**Records to use:**
----------

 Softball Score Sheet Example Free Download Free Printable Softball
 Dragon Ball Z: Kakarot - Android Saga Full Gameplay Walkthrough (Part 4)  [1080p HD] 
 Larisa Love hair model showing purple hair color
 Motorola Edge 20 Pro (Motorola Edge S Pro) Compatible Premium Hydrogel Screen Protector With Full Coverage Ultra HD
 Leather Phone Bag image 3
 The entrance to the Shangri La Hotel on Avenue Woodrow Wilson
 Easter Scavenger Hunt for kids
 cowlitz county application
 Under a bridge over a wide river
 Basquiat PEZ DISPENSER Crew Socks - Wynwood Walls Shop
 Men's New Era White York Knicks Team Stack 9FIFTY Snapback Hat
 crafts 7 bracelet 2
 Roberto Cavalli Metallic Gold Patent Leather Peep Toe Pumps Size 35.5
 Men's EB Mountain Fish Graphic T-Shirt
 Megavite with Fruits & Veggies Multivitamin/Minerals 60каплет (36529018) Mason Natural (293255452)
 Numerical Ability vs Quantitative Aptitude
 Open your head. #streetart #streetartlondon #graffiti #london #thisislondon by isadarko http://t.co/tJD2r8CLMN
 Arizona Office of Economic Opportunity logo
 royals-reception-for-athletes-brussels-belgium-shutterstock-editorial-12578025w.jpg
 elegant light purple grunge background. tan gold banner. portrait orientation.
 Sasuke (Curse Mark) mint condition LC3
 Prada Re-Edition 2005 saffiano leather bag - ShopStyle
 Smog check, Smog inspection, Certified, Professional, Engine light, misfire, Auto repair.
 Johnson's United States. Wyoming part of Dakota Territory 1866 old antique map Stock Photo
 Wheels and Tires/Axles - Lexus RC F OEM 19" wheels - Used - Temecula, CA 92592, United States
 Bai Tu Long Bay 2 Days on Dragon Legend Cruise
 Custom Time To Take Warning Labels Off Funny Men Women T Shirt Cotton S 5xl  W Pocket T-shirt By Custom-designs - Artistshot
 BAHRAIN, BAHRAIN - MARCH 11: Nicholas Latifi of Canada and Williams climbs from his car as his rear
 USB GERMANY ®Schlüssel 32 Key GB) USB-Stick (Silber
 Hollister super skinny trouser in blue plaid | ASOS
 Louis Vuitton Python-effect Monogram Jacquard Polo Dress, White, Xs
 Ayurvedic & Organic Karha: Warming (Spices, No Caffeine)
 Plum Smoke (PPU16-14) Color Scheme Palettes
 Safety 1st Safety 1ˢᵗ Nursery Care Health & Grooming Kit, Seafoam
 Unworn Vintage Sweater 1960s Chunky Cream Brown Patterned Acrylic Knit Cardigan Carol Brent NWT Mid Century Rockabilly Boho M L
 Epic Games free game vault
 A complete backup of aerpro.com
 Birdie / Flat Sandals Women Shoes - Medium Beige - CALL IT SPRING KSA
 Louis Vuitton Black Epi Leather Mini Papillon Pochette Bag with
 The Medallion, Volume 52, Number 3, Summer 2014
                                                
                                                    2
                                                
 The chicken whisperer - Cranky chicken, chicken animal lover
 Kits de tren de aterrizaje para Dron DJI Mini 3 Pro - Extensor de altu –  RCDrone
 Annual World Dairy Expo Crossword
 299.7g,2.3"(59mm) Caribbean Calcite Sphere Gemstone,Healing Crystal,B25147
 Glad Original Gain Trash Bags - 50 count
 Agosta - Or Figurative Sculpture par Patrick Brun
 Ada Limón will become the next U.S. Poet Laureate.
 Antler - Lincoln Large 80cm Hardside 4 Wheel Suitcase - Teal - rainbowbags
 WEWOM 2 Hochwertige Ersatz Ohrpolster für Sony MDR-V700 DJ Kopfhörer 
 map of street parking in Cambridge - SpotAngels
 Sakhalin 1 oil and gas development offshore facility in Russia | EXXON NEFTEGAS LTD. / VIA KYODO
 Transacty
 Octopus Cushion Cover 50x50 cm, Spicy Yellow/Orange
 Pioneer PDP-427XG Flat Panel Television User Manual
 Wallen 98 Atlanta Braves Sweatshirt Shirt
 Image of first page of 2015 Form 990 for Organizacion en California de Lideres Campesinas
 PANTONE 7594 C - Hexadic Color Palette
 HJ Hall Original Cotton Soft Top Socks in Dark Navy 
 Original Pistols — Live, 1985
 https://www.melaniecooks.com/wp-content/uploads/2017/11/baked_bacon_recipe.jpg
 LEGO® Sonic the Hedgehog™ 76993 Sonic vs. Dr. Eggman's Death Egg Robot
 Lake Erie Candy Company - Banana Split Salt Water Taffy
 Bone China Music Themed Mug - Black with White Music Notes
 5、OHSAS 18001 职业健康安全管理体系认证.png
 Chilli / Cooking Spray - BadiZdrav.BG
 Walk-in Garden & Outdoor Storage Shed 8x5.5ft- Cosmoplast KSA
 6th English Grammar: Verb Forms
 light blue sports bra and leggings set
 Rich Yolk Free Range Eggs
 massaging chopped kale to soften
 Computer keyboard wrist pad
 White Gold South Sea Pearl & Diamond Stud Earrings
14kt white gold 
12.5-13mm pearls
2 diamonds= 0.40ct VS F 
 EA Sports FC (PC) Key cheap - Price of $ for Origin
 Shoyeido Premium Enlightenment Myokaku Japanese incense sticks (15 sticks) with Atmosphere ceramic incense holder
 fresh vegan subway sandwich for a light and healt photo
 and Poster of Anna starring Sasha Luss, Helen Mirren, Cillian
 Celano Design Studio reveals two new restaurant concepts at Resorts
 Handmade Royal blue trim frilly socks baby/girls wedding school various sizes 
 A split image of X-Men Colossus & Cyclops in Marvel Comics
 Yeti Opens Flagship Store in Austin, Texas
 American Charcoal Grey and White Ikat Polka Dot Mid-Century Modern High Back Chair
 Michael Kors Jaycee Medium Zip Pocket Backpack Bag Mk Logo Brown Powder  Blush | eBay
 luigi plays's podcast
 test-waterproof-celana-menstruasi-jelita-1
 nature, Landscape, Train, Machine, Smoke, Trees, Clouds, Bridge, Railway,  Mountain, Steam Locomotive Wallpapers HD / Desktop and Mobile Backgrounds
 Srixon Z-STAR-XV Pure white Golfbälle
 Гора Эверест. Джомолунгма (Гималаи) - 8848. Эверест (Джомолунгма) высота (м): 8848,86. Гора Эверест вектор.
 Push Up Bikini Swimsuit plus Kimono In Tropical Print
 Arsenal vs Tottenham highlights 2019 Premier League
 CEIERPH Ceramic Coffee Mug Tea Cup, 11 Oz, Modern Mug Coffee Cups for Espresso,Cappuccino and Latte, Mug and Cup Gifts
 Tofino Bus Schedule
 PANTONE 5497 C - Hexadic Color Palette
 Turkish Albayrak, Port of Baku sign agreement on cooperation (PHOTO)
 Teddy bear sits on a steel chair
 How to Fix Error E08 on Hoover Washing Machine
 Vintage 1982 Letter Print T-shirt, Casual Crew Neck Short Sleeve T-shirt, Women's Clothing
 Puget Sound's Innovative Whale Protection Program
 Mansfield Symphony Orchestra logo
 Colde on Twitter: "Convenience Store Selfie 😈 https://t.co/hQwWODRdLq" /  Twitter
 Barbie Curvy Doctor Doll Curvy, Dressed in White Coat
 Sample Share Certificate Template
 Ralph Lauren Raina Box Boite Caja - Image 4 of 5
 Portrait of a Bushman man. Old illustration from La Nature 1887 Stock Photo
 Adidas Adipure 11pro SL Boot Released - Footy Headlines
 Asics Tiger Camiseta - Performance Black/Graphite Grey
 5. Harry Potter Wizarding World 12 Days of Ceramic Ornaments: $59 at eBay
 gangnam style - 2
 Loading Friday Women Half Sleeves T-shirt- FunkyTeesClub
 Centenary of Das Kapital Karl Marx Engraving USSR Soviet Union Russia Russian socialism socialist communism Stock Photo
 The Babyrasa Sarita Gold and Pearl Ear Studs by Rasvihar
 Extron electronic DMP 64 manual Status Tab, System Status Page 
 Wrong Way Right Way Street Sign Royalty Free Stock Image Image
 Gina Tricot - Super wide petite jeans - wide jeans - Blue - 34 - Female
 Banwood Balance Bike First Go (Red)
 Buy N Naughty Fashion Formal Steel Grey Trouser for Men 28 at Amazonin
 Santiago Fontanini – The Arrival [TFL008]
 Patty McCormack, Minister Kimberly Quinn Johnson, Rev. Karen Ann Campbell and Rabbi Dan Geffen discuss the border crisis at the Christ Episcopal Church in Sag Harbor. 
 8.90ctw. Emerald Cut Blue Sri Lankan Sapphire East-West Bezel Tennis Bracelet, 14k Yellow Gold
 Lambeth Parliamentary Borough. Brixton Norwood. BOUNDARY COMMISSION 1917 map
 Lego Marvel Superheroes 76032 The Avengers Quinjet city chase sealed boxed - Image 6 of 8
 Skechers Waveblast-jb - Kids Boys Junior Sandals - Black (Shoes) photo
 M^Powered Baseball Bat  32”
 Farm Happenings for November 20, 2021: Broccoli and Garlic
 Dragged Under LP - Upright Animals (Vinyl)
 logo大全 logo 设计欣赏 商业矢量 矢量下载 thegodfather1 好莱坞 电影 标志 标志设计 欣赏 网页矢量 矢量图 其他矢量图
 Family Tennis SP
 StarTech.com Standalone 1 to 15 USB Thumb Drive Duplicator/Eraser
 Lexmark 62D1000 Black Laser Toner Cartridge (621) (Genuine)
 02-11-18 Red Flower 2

----------

**Work task:** Wherever the string "Dragon" shows up in the material, copy the line that holds it.

**Answer area:**
 Dragon Ball Z: Kakarot - Android Saga Full Gameplay Walkthrough (Part 4)  [1080p HD] 
 Bai Tu Long Bay 2 Days on Dragon Legend Cruise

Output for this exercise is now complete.